Test files are here: https://github.com/jolespin/pyhmmsearch/tree/main/test

PyHMMSearch is a CLI wrapper around PyHMMER.

I'd say PyHMMER is at least worth a shot to look into for performance gains.

Answer 8 · 2024-10-01T22:16:04.000Z

Compleasm is launching many independent hmmer runs in the single-threaded mode and schedules these runs to achieve overall multi-threading. Your pyhmmer won't help in this case. It also has one more dependency.

Answer 9 · 2024-10-01T22:37:11.000Z

Compleasm is launching many independent hmmer runs in the single-threaded mode and schedules these runs to achieve overall multi-threading

Makes sense since compleasm is already overcoming the multi-threaded limitations of HMMER by splitting everything out manually. Though, there might be some overhead in loading the HMMs in this way.

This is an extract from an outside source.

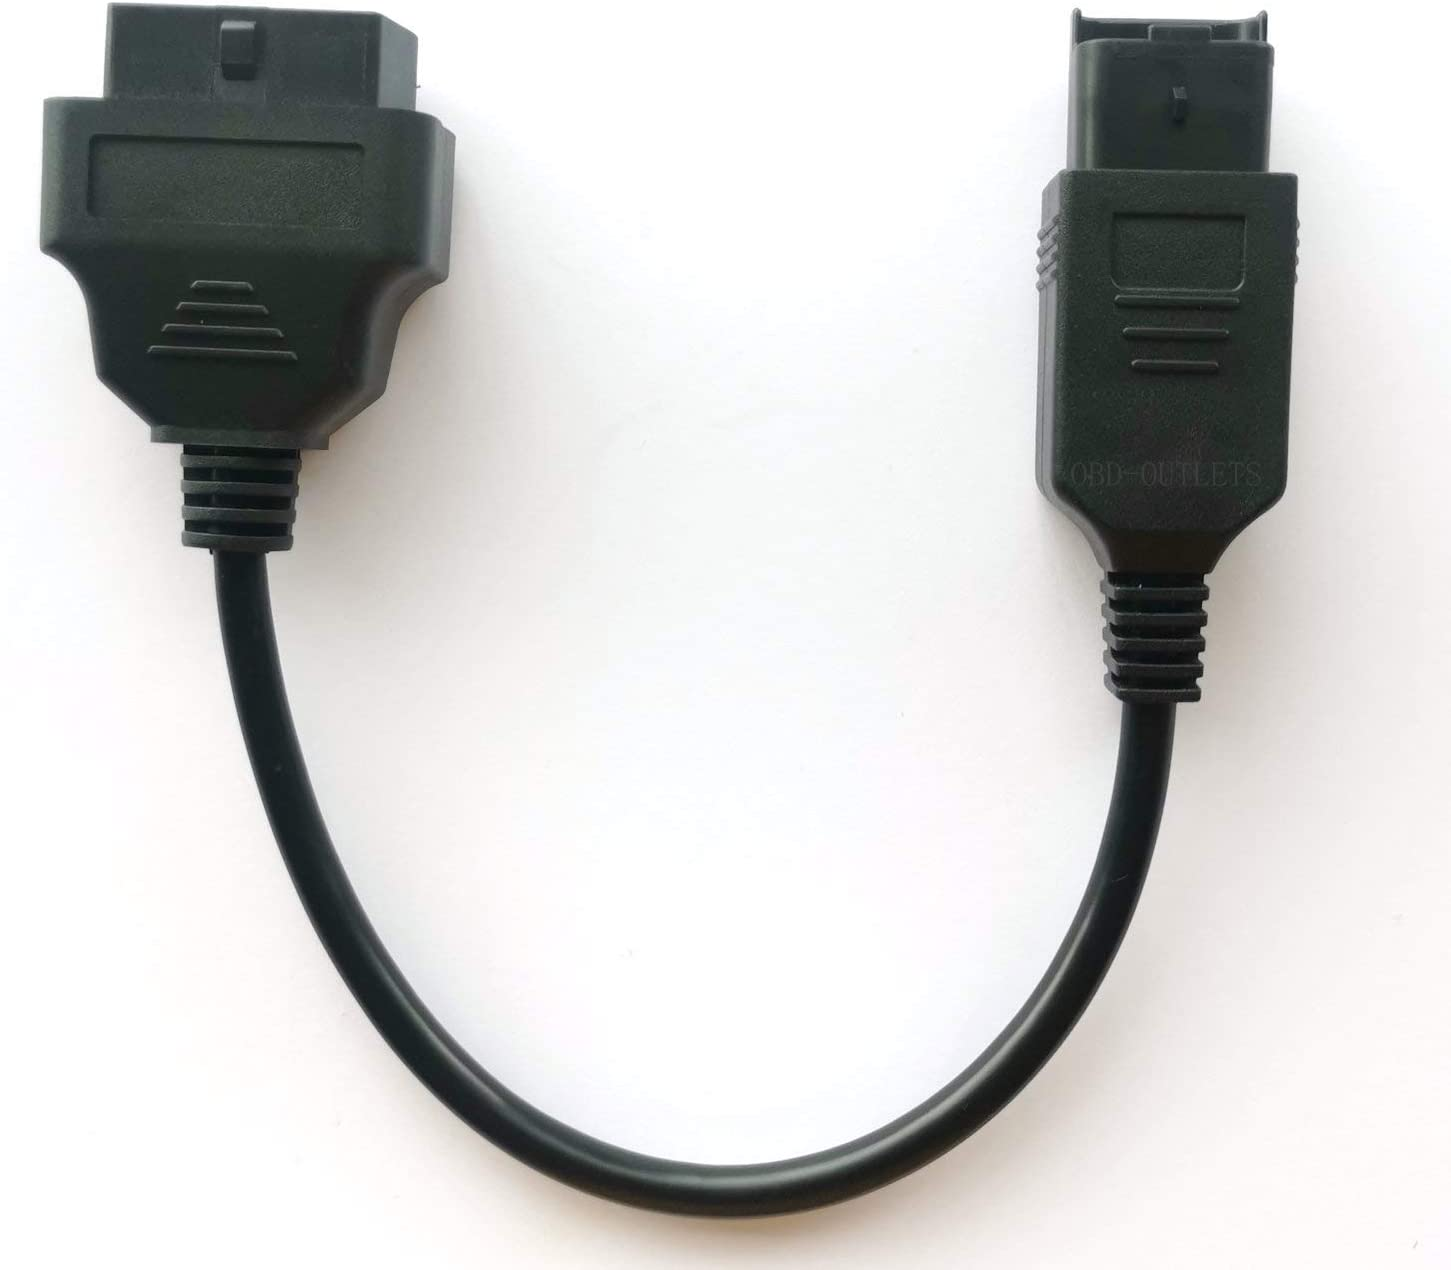 Motorbike OBD 4 Pin Diagnostic Adapter for Du-Cati, Multistrada Motorcycle OBDII DDA Can-Bus Connector

Your pyhmmer won't help in this case.

I didn't develop PyHMMER (https://github.com/althonos/pyhmmer) just a big fan of the performance gains once I started using it (which is why I made the CLI wrapper around it).

It also has one more dependency.

Another aspect of PyHMMER I like is the lack of dependencies (not even HMMER needs to be installed) and it's a standalone Python executable so very easy to use/install in current environments.

Just wanted to put PyHMMER on the radar in case it could speed up the workflow since I've found it useful in my own workflows.